We have shown that a quantitatively correct description of the lowest sector of the electron spectrum, which involves intraband dynamics and therefore relies primarily on the accurate modeling of the effective mass, requires a self-consistent renormalization of the Hamiltonian parameters that goes beyond the second order Löwdin perturbation. The accuracy is also improved by accounting for cb non-parabolicity by self-consistently including terms of higher order in the electron momentum. When studying the Zeeman splitting of the ground electron level we found that the most accurate value of the g-factor is obtained within the systematic scheme only after including the full structure of the vb Hamiltonian in the equation. Here, again, including non-parabolicity corrections improves the accuracy of the result. Surprisingly, the values obtained from the resulting rather complicated equation can be reproduced by a simple diagonal model with a fixed value of the fundamental band gap, which supports the use of the effective Roth-Lax-Zwerdling formula for a nanostructure. The accuracy of the latter is remarkable, given its simplicity. The effective mass equations reproduce 8-band k · p value of the electron g-factor for the QD ground state within a factor of 2, which may seem disappointing. One should take into account, however, that the value of the g-factor for bulk InAs is about −15, which is nearly entirely compensated by confinement and strain effects. The absolute mismatch, which is on the order of 0.1, is a tiny fraction of the original value (that is, the compensation is quantitatively reproduced) but yields a large relative error when compared to the very small final value.

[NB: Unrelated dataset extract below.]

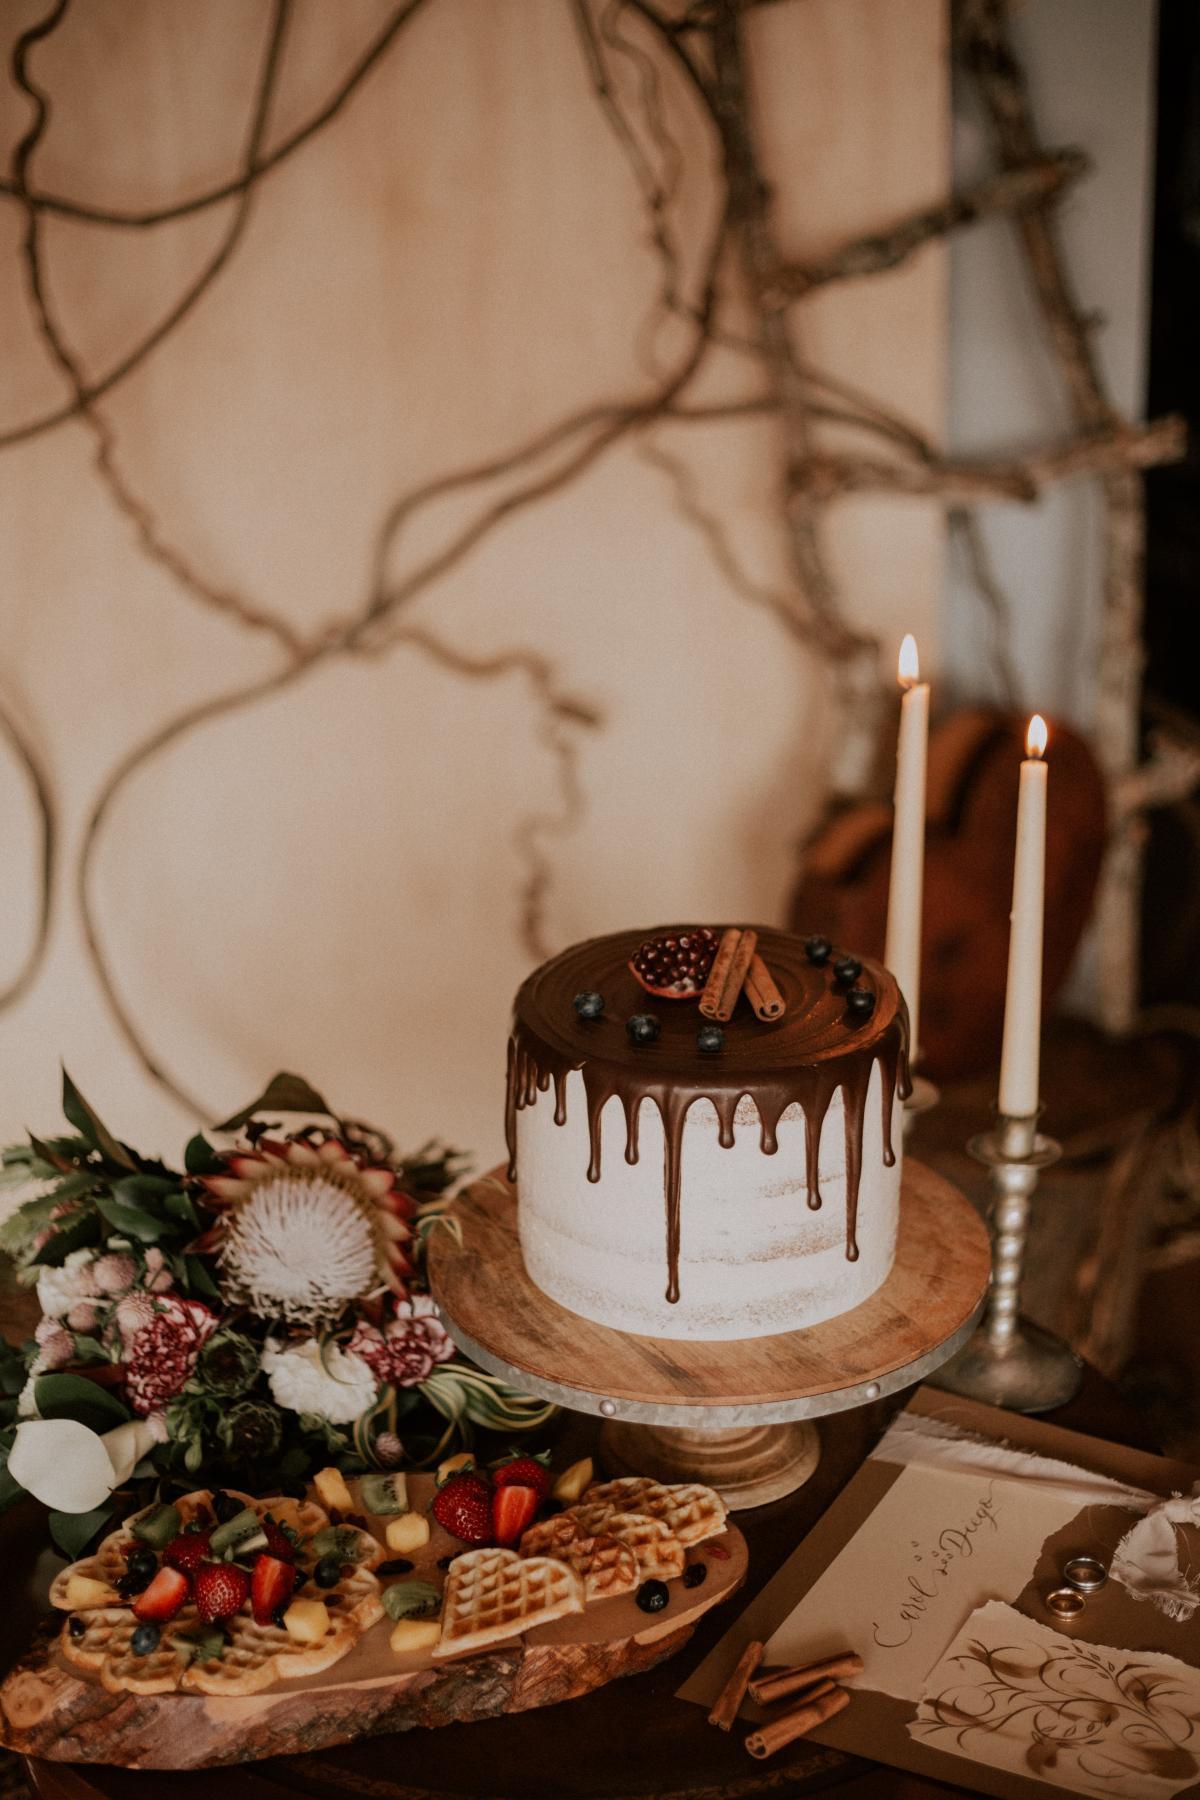 Chocolate Dessert Cake #422836

In general, we have shown that the effective mass equation offers a limited accuracy when modeling the lowest-energy sector of the electron spectrum in a self-assembled QD, unless it is extended to a rather complicated, inconvenient and computationally expensive form. In particular, an equation that is rigorously derived from the k · p theory strictly up to order k2 (which may correspond to the most usual notion of the effective mass theory) quantitatively fails in all respects. The more accurate self-consistent equation proposed in this paper is not particularly transparent and does not even allow a separation into kinetic and Pauli terms. On the other hand, we have shown that the electron g-factor can be estimated by a very simple version of the effective mass theory, thus justifying the phenomenological Roth-Lax-Zwerdling formula for a nanostructure. Our derivation highlights the correspondence between the BenDaniel-Duke and Gora-Williams-Bastard orderings of the kinetic term, both emerging as different approximations within a general scheme, and yields a generalized Rashba coupling including inhomogeneity and strain effects. This confirms once more that the effective mass equation, even though not perfectly accurate, can be very useful from the conceptual point of view and often provides valuable physical insight.

Data availability

The datasets generated during and/or analysed during the current study are available from the corresponding author on reasonable request.